(Beginning of EXERCISE DATA)

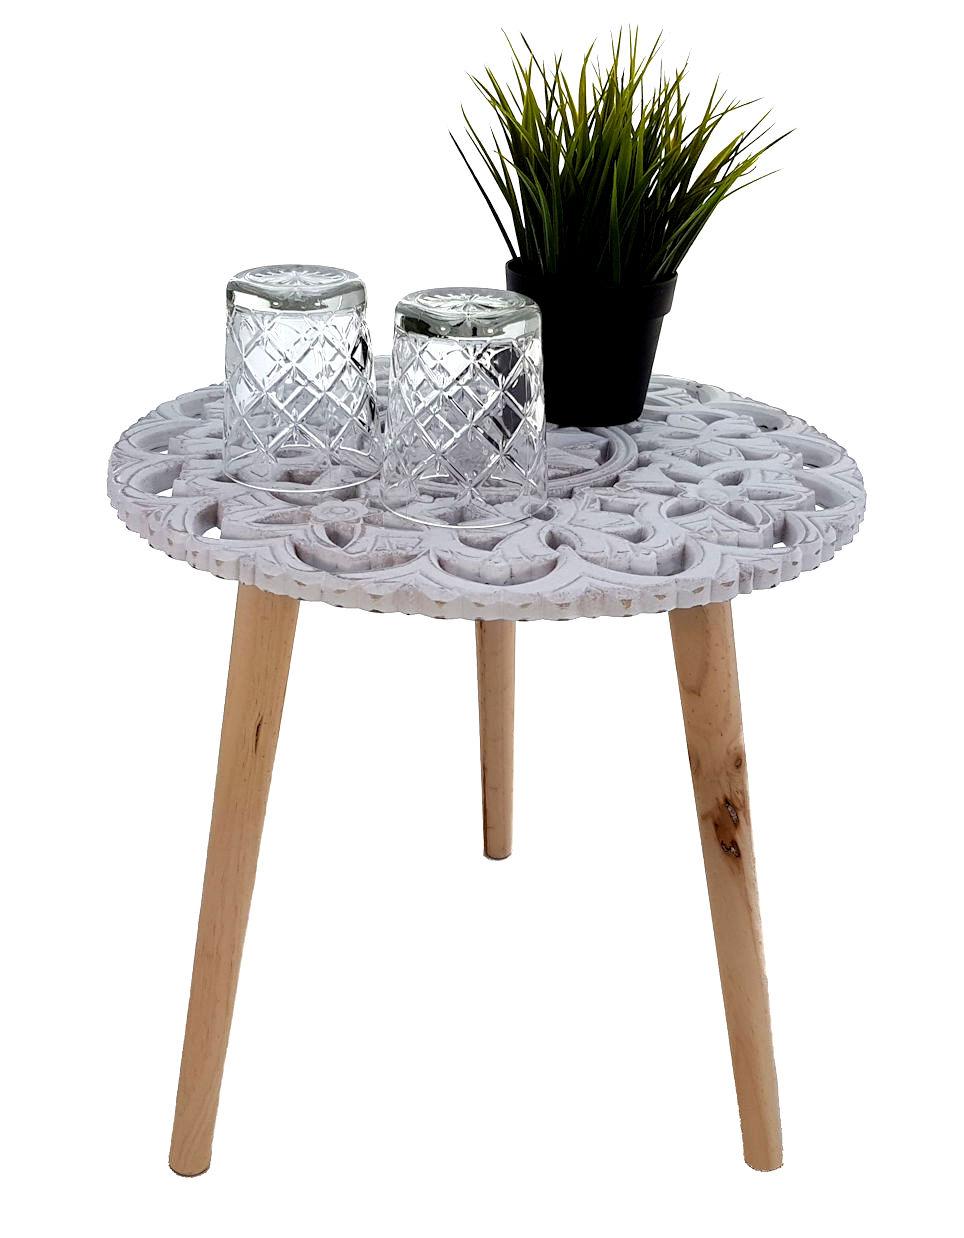 design beistelltisch shabby chic holz deko tisch klein vintage couchtisch wei 4260461477407. Black Bedroom Furniture Sets. Home Design Ideas
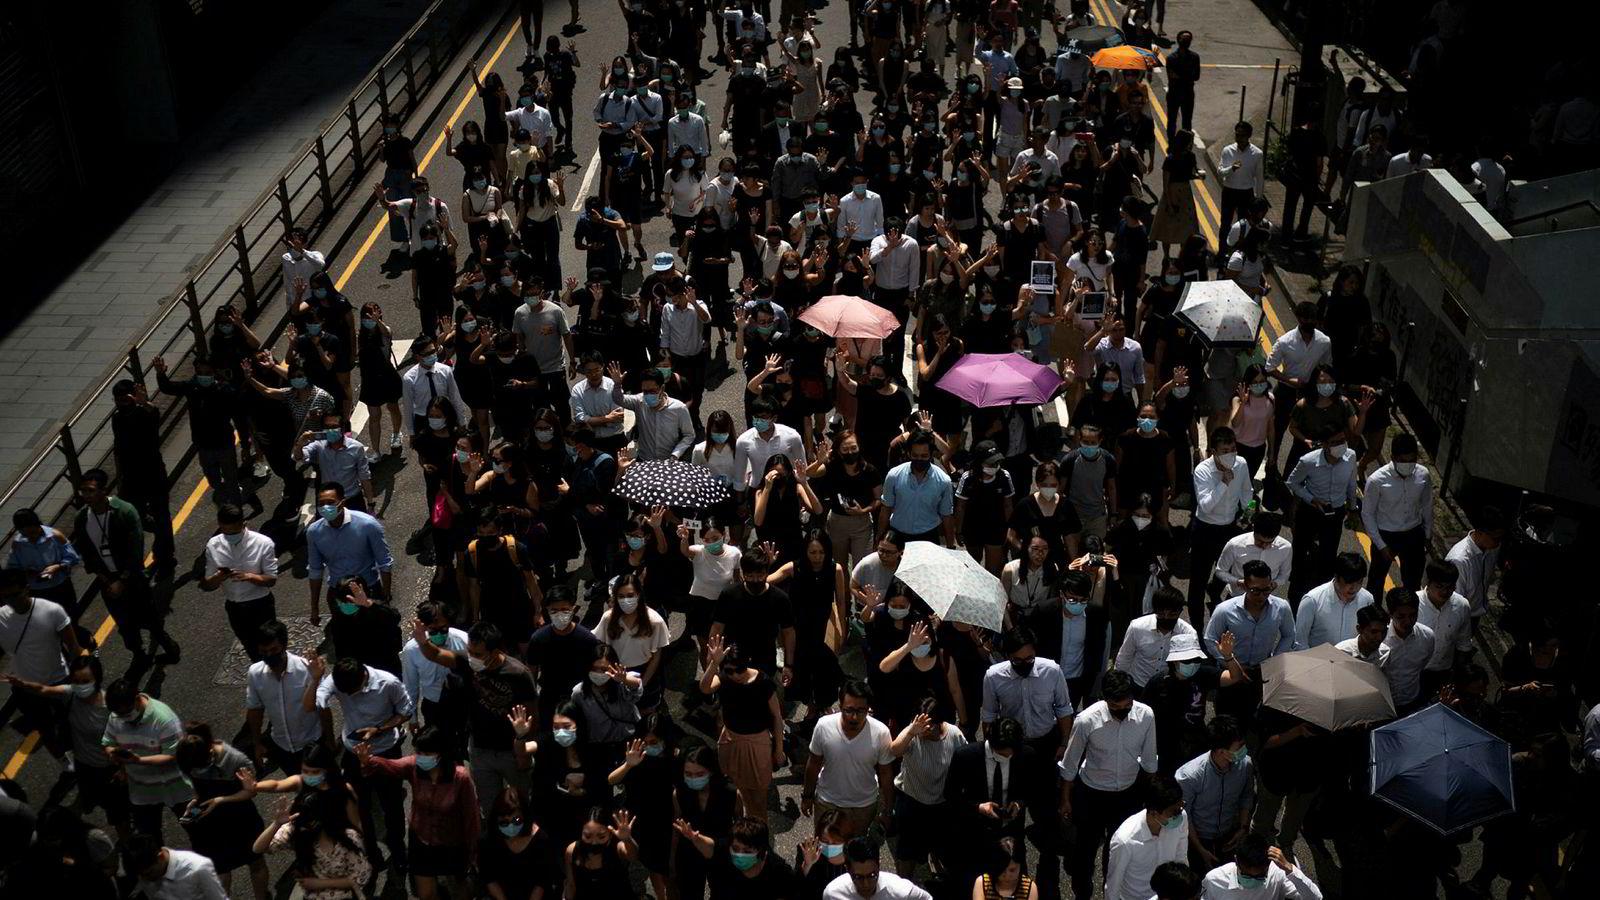 Onsdag demonstrerer igjen tusenvis av mennesker i Hongkong etter at en demonstrant for første gang ble skutt av politiet siden demonstrasjonene startet.
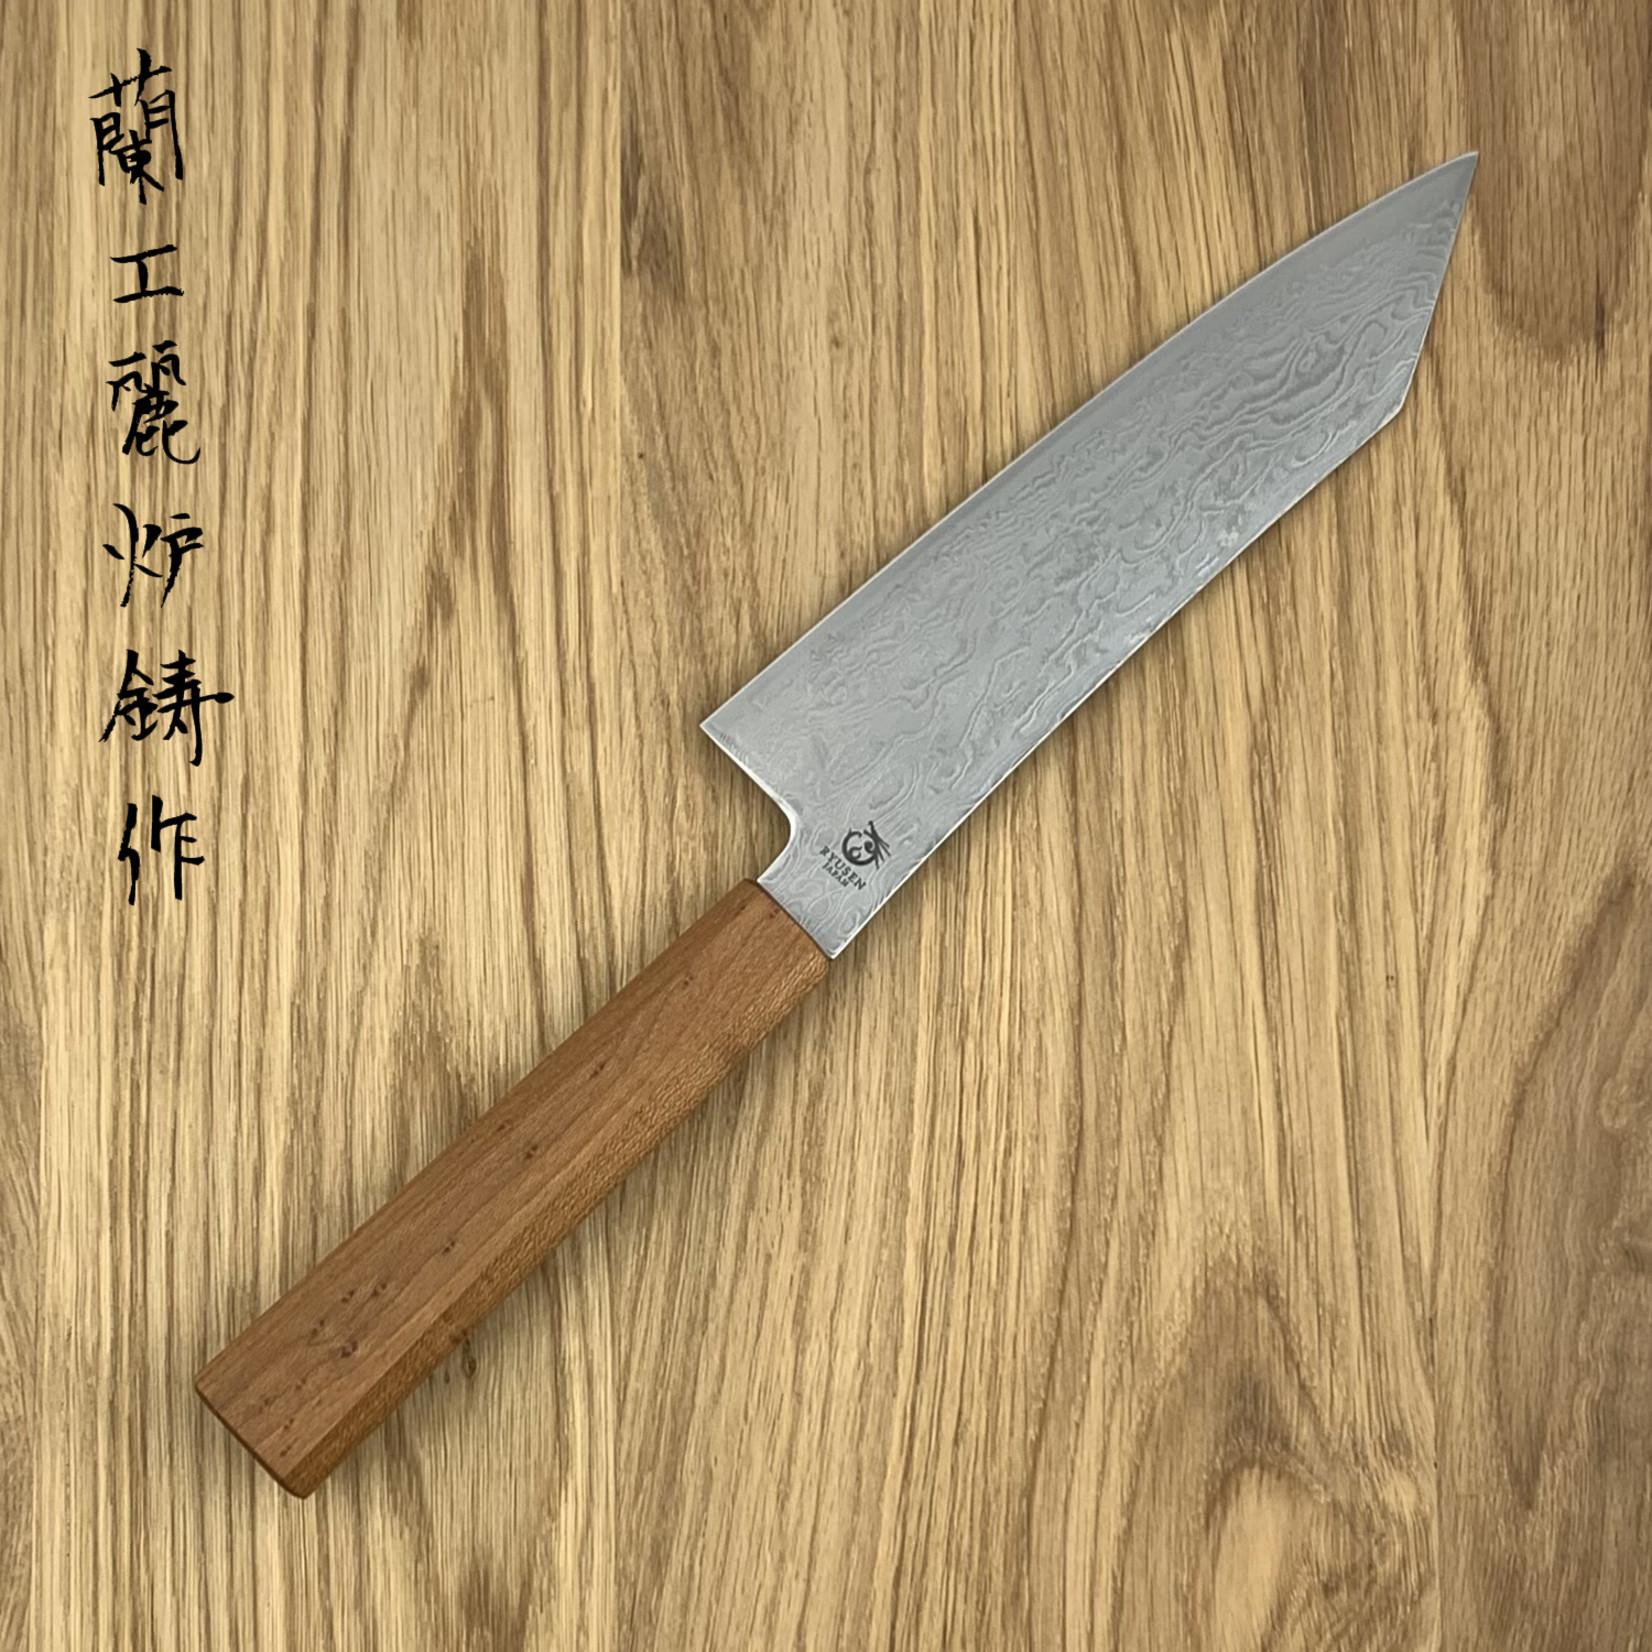 RYUSEN Fukakuryu Maple WA Santoku 170 mm FK-303

(End of EXERCISE DATA)

## [REQUIRED WORK]
Print, exactly as written, the lines above from the first one to the one containing "Onsdag demonstrerer igjen". Leave out pictures.

## [RESULT OF THE EXERCISE]
 design beistelltisch shabby chic holz deko tisch klein vintage couchtisch wei 4260461477407. Black Bedroom Furniture Sets. Home Design Ideas
 Onsdag demonstrerer igjen tusenvis av mennesker i Hongkong etter at en demonstrant for første gang ble skutt av politiet siden demonstrasjonene startet.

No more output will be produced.